▶ _Exercise objective_
A word-for-word transcript of the closing lines is required: from the one with "Восточные Карибы 5" through the final line of the data.

▶ _Source data_

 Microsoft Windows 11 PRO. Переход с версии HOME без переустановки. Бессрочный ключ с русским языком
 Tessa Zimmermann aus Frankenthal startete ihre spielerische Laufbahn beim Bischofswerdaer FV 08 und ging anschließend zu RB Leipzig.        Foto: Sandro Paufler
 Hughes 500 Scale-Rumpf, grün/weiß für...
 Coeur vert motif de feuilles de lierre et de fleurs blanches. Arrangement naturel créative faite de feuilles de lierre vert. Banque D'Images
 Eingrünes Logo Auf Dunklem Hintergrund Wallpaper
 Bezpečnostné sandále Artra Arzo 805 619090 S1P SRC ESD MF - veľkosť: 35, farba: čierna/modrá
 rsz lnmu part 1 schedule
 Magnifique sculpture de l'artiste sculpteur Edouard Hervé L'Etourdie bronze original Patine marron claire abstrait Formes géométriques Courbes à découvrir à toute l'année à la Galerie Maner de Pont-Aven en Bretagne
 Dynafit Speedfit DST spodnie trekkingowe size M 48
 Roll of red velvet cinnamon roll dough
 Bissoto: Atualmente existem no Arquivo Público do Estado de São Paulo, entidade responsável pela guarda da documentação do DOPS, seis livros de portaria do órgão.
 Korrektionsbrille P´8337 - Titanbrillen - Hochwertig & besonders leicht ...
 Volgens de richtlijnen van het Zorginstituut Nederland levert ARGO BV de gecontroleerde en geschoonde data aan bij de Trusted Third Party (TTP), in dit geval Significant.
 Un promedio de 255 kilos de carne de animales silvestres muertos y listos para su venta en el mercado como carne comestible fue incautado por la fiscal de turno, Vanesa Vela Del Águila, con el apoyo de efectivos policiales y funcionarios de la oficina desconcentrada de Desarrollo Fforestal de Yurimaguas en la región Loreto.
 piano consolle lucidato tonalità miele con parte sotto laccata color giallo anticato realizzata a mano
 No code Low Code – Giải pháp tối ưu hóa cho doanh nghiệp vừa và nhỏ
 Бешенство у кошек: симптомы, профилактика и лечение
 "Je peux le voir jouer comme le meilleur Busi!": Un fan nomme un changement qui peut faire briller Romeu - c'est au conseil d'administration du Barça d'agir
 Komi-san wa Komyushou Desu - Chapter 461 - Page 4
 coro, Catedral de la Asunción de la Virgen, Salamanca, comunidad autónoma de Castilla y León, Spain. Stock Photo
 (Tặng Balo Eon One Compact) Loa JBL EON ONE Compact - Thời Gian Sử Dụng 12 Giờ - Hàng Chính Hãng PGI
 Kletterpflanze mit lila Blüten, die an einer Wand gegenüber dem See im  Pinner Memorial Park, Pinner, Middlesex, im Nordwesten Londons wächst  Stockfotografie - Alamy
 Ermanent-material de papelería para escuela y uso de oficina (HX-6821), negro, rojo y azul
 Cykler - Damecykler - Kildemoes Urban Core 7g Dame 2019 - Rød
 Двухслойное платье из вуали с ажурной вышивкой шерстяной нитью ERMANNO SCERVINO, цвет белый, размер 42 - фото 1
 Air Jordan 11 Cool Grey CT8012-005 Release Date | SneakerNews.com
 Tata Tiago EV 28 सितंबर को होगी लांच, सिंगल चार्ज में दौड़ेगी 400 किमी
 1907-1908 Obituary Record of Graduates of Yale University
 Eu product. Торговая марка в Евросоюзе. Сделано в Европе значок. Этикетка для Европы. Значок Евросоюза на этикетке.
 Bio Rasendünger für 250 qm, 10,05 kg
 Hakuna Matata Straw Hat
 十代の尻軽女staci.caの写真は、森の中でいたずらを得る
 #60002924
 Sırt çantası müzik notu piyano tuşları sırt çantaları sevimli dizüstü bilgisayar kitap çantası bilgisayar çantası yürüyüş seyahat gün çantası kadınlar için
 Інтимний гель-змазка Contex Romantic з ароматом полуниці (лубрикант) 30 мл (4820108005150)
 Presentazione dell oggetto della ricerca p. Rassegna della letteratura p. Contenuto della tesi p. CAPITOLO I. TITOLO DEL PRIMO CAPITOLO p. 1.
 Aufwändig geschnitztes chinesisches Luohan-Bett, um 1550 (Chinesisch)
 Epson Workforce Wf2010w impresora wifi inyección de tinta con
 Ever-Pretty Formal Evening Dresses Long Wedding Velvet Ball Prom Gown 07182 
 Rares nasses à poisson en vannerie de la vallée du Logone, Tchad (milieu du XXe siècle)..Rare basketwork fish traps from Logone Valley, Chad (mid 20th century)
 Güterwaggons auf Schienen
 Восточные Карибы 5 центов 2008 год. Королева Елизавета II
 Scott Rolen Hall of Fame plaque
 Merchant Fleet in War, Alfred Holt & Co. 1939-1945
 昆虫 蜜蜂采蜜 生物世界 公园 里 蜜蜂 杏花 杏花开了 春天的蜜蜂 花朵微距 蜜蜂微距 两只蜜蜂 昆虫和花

▶ _Final answer_
 Восточные Карибы 5 центов 2008 год. Королева Елизавета II
 Scott Rolen Hall of Fame plaque
 Merchant Fleet in War, Alfred Holt & Co. 1939-1945
 昆虫 蜜蜂采蜜 生物世界 公园 里 蜜蜂 杏花 杏花开了 春天的蜜蜂 花朵微距 蜜蜂微距 两只蜜蜂 昆虫和花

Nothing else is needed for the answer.